Perché il lavoro è qui

I consulenti del Lavoro organizzano il loro Festival a Milano, con Di Maio e Salvini. La Lombardia guida la risalita dell’occupazione nazionale

28 Giugno 2018 alle 18:37

Perché il lavoro è qui

Il tetto del MiCo - Milano Congressi (foto di David Davies via Flickr)

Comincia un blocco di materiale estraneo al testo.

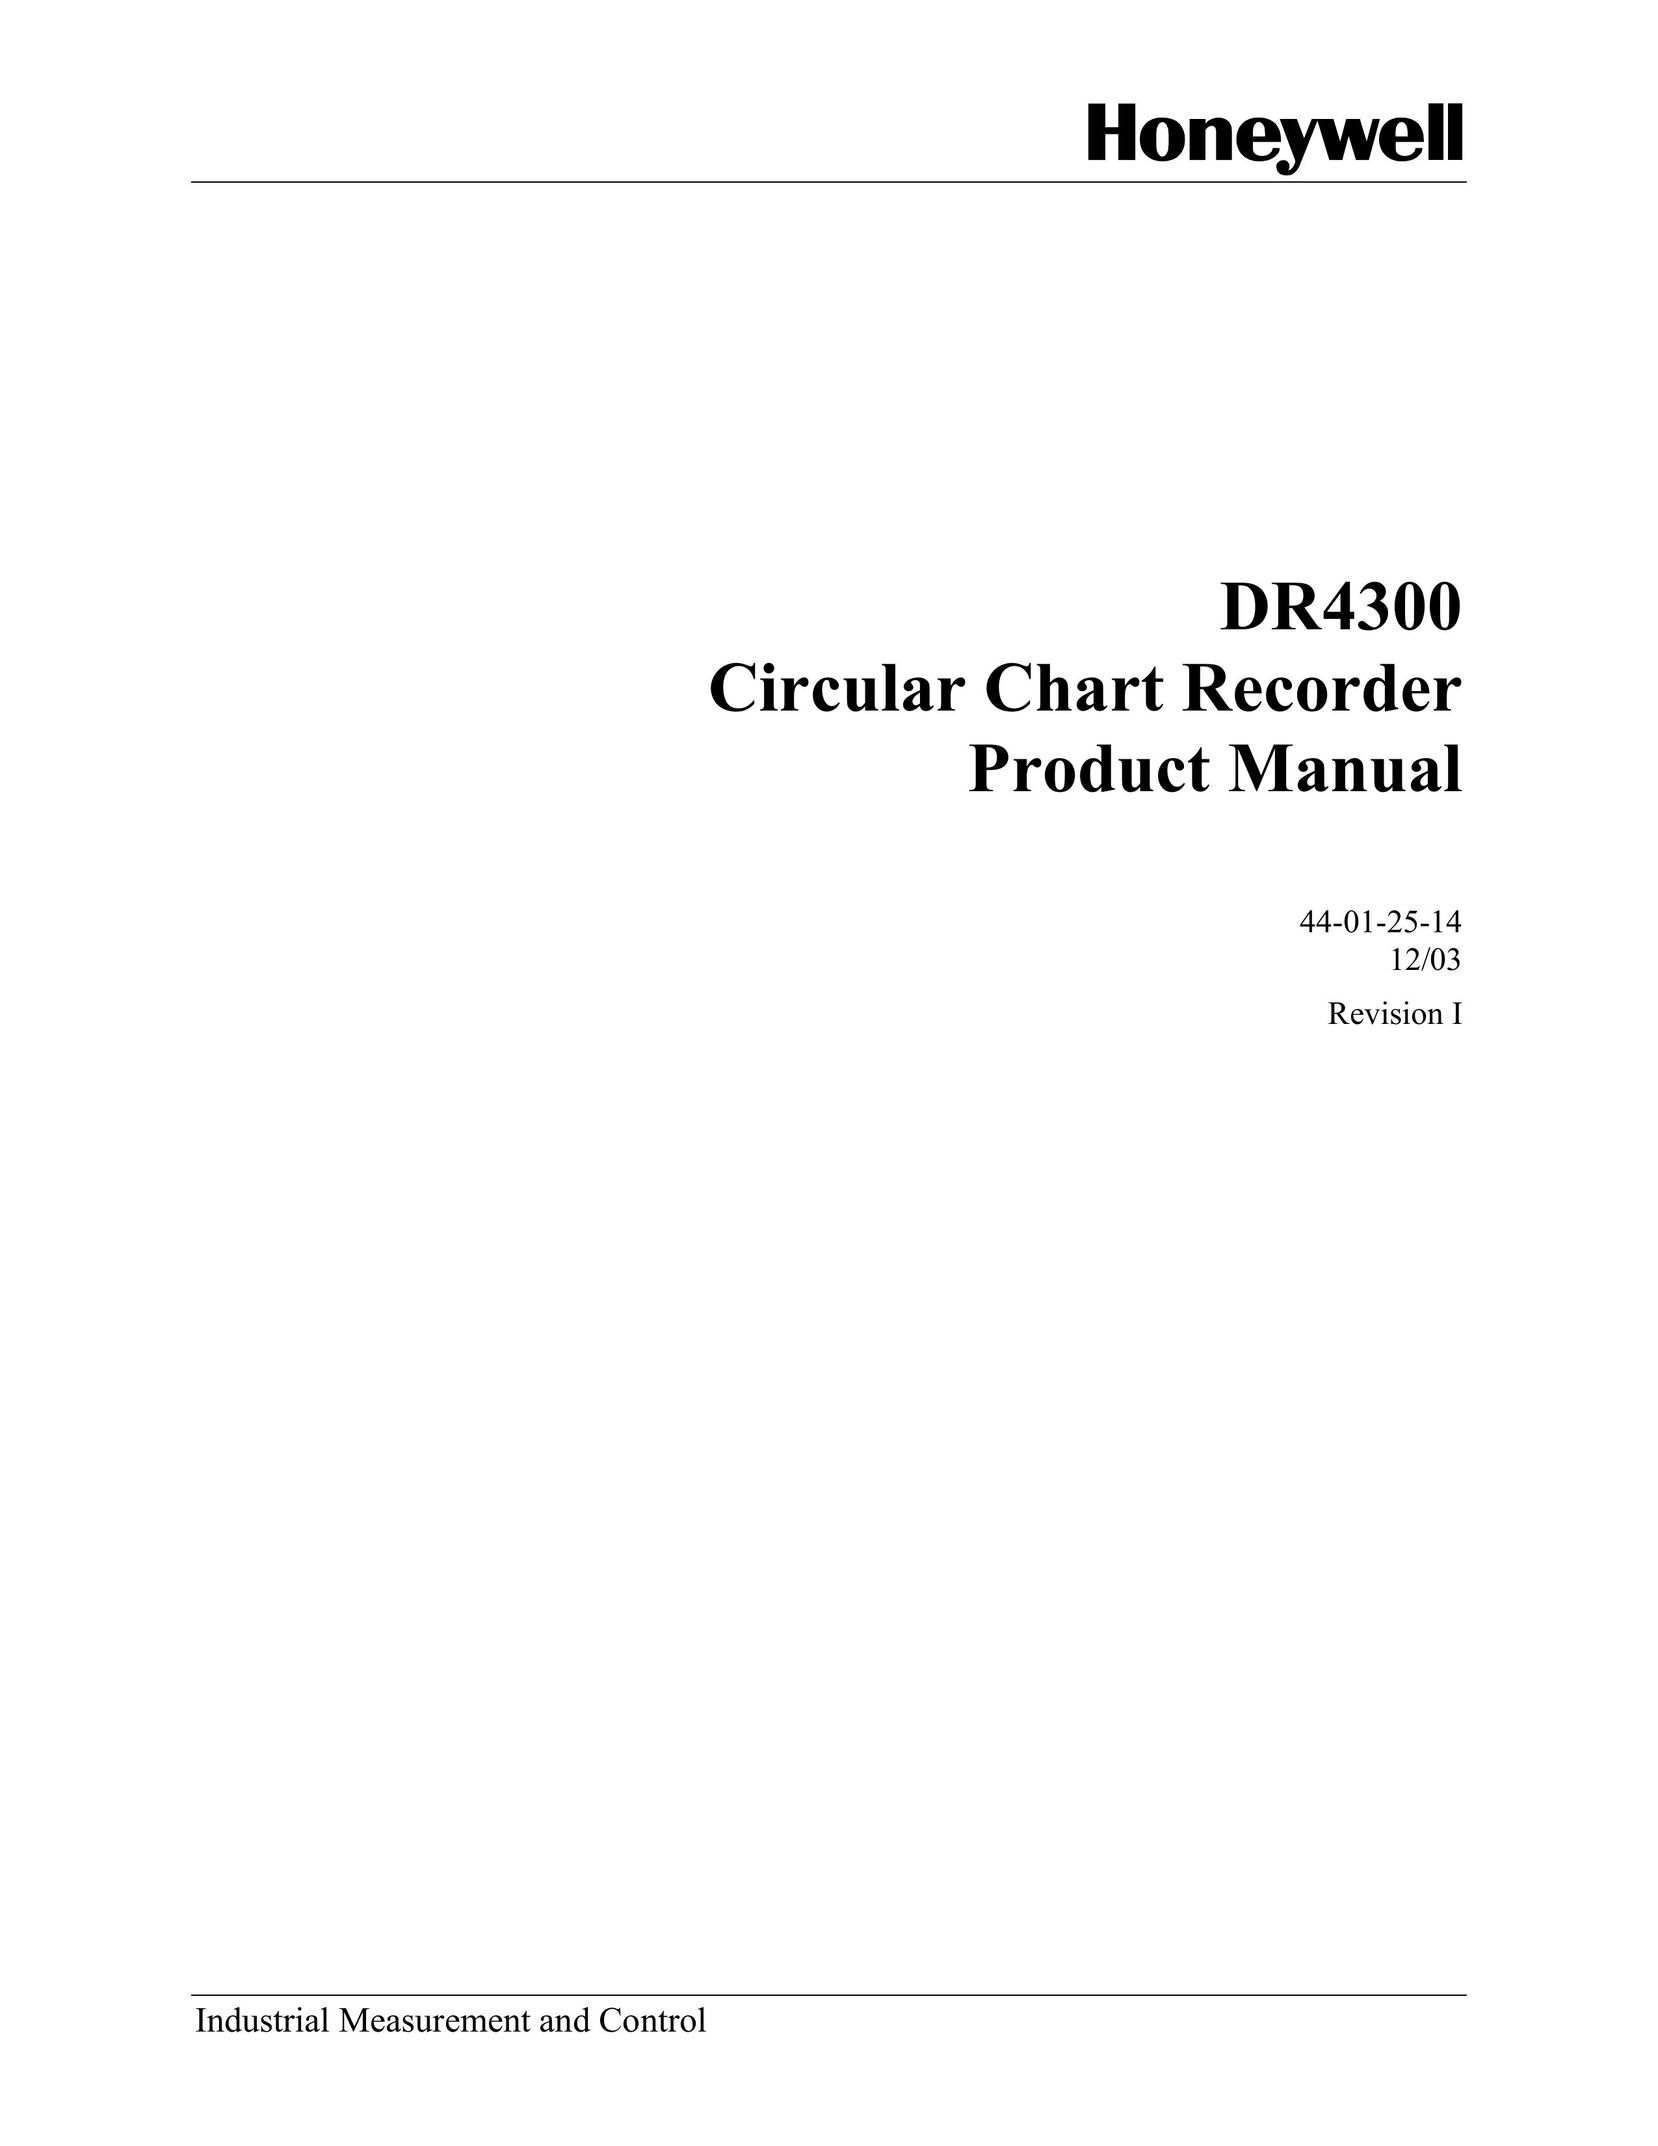 Honeywell DR4300 DVR User Manual

Ovvio: i Consulenti del Lavoro organizzano il loro Festival a Milano. Da giovedì al MiCo, in Fiera, per tre giorni 270 ospiti, con diversi panel e aree tematiche se la vedranno (anche) col ministro del Lavoro e dello Sviluppo, Luigi Di Maio, seguito a ruota da Matteo Salvini. Organizzano il Consiglio nazionale dell’Ordine dei consulenti del lavoro e la Fondazione Studi. E’ stata presentata una ricerca sul lavoro di qualità dell’Osservatorio della categoria. La Lombardia ha guidato la risalita dell’occupazione nazionale ed oggi vanta un tasso di occupazione storico, fra i 15 e 64 anni, del 67,3 per cento (1,4 punti percentuali in più del 2008), mentre il tasso nazionale sconta un ritardo di 0,6 punti. L’aumento in Lombardia non è dovuto alla crescita della precarizzazione, con stipendi inferiori alla media. Infatti, sia gli occupati standard (tempo indeterminato e part-time volontario) sia gli stipendi medi vedono le province lombarde nei primi posti. Il tasso più elevato di occupati standard è Varese (il 73 per cento). Tutte le province hanno un tasso di giovani che non lavorano e non studiano (Neet) al di sotto del 20 per cento. I buoni risultati sono riconducibili anche alla organizzazione efficiente e innovativa che la Lombardia si è data nella gestione delle politiche attive e nella rete di attori pubblici e privati che operano in sinergia da oltre 10 anni. Nella regione che per prima ha introdotto la “Dote Lavoro” e dove il sistema pubblico dei servizi per l’impiego è coadiuvato da un’ampia rete di soggetti privati accreditati, Garanzia Giovani ha trovato un contesto positivo e già collaudato.